I'm using an AWS Glue Crawler to crawl a rough 170 GB of avro data to create a Data Catalog table.

There are a couple different schema versions in the avro data but the crawler still manages to combine the data into a single table (I have enabled the "Group by data compatibility and schema similarity - mode").

Here is when things get problematic.

I can only use Athena to run a SELECT COUNT(*) FROM <DB>.<TABLE> query on the data - any other query raises the following error:

GENERIC_INTERNAL_ERROR: Unknown object inspector category: UNION

A brief Google check leads me to believe that this has something to do with the schema in the avro files.

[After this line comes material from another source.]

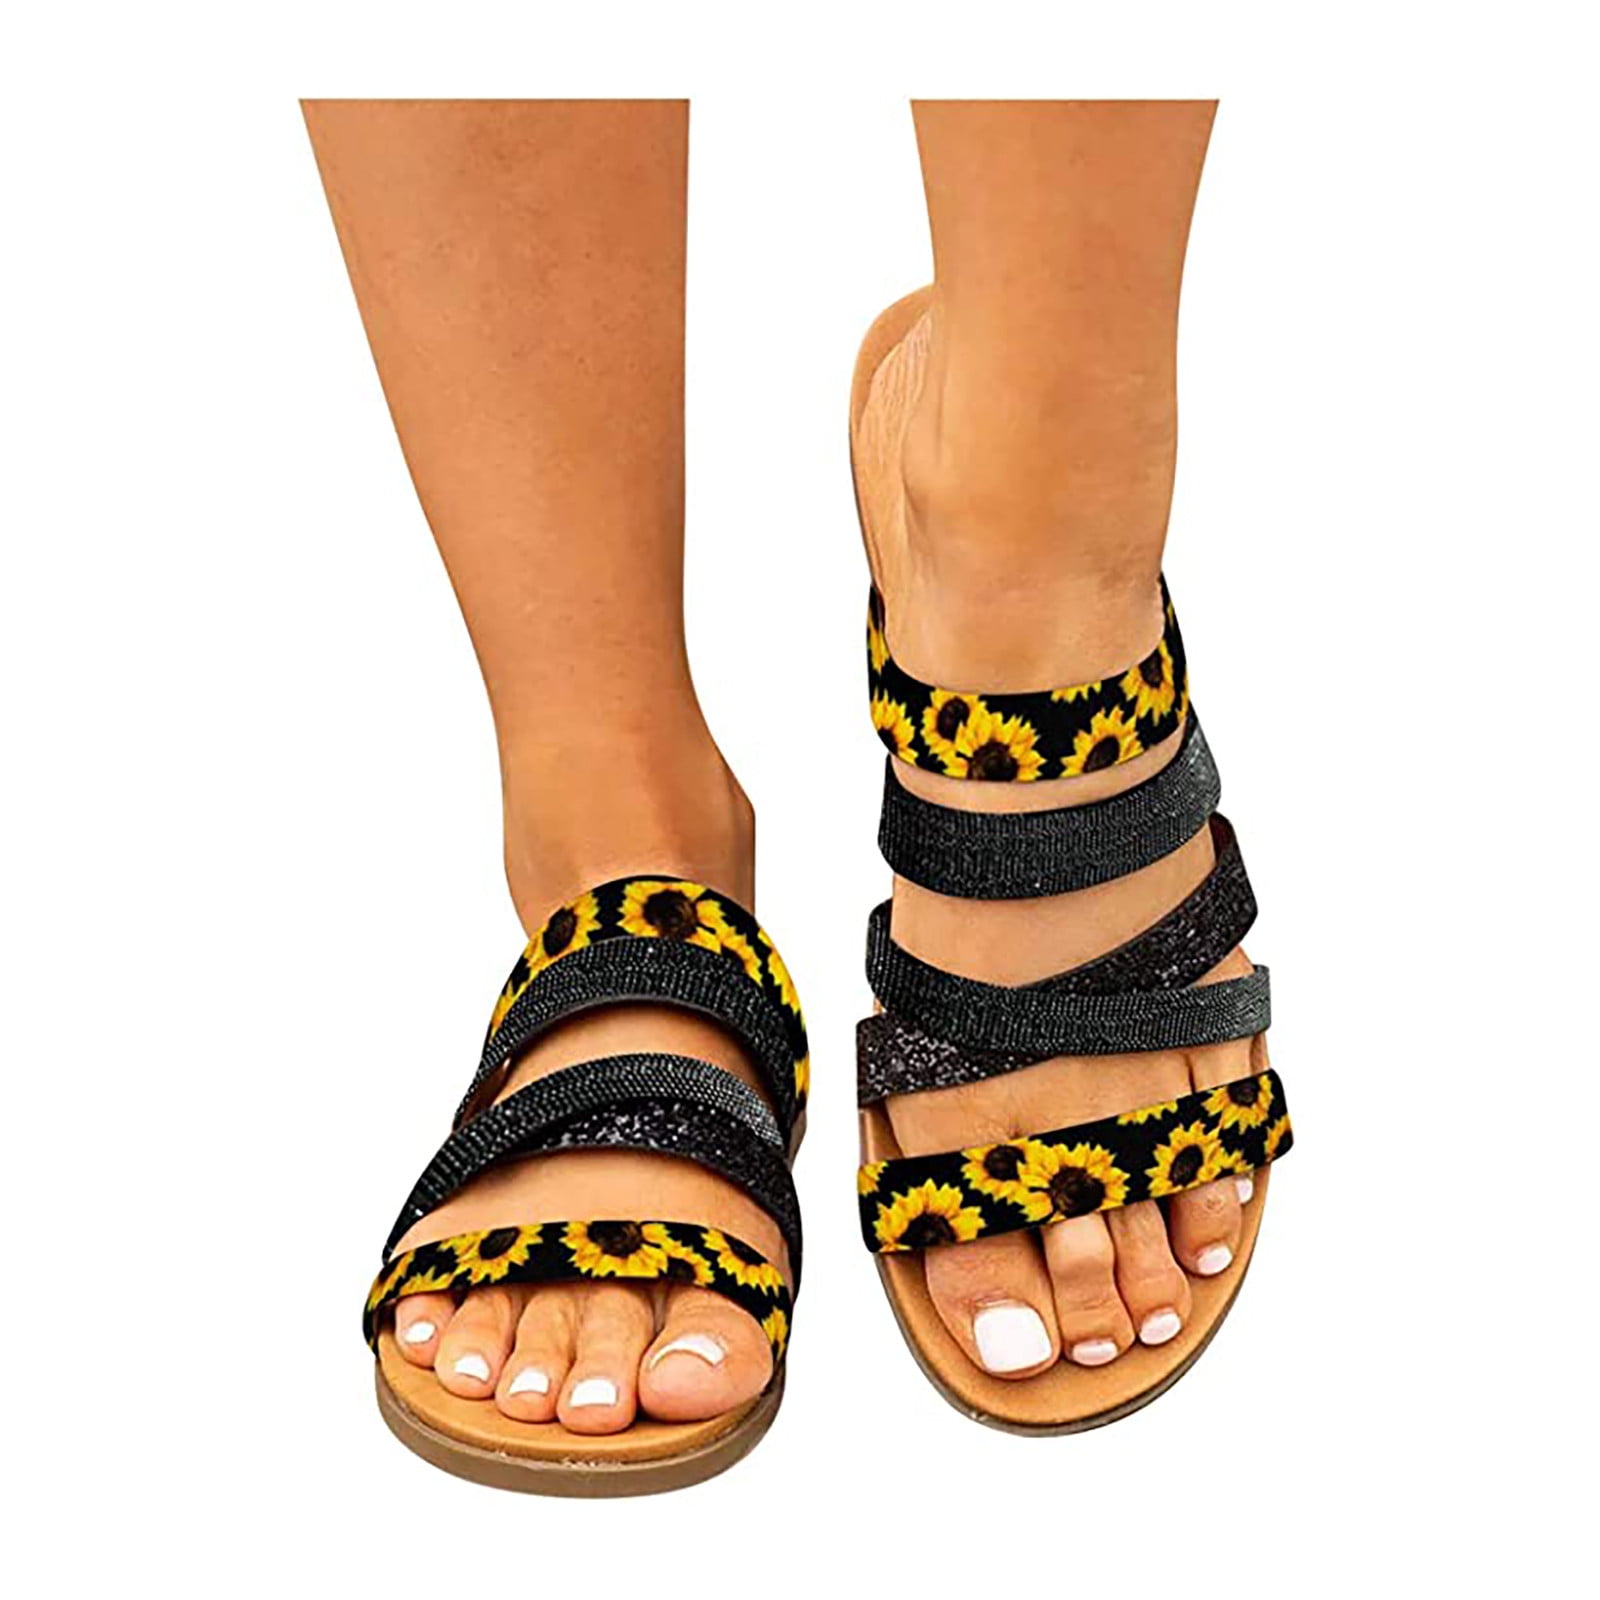 Details about   Women Flatform Sandals Summer Cross Strap Casual Gladiator Platform Shoes Zipper

Normally, this is where is would focus my effort BUT: I have been able to do this exact same procedure(AVRO -> crawler -> Glue job -> PARQUET) before, with a smaller avro data set (50GB) having the same issue(only being able to run a count query). Moving on.

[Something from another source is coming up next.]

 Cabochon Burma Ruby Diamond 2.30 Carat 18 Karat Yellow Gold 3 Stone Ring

The the conversion job previously took about an hour. Now, when running the same job on the 170 GB data, the job finishes in a minute because glueContext.create_dynamic_frame.from_catalog now returns an empty frame - no errors, no nothing. The confusion is real as I am able to run a COUNT query in Athena on the same table that the job is using, returning a count of 520M objects.

Does anyone have an idea what the problem might be?

A couple of things that might be relevant:

  • The COUNT query returns 520M but the recordCount in table properties says 170M records.
  • The data is stored in 300k .avro files with size 2MB-30MB
  • Yes, the crawler is pointed to the folder with all the files, not to a file (common crawler gotcha).
  • The previous attempt with a smaller data set(50 GB) was 100% successful - I could crawl the parquet data and query it with Athena (tested many different queries, all working)
1

1 Answers

1
votes

We had the same issue and could solve it as follows.

In our avro schema there was a record with mixed field types, i.e., some were of the form "type" : [ "string" ], others of the form "type" : [ "null", "string" ].

Changing this manually to [ "null", "string" ] everywhere, we were able to use the table in Athena without any issues.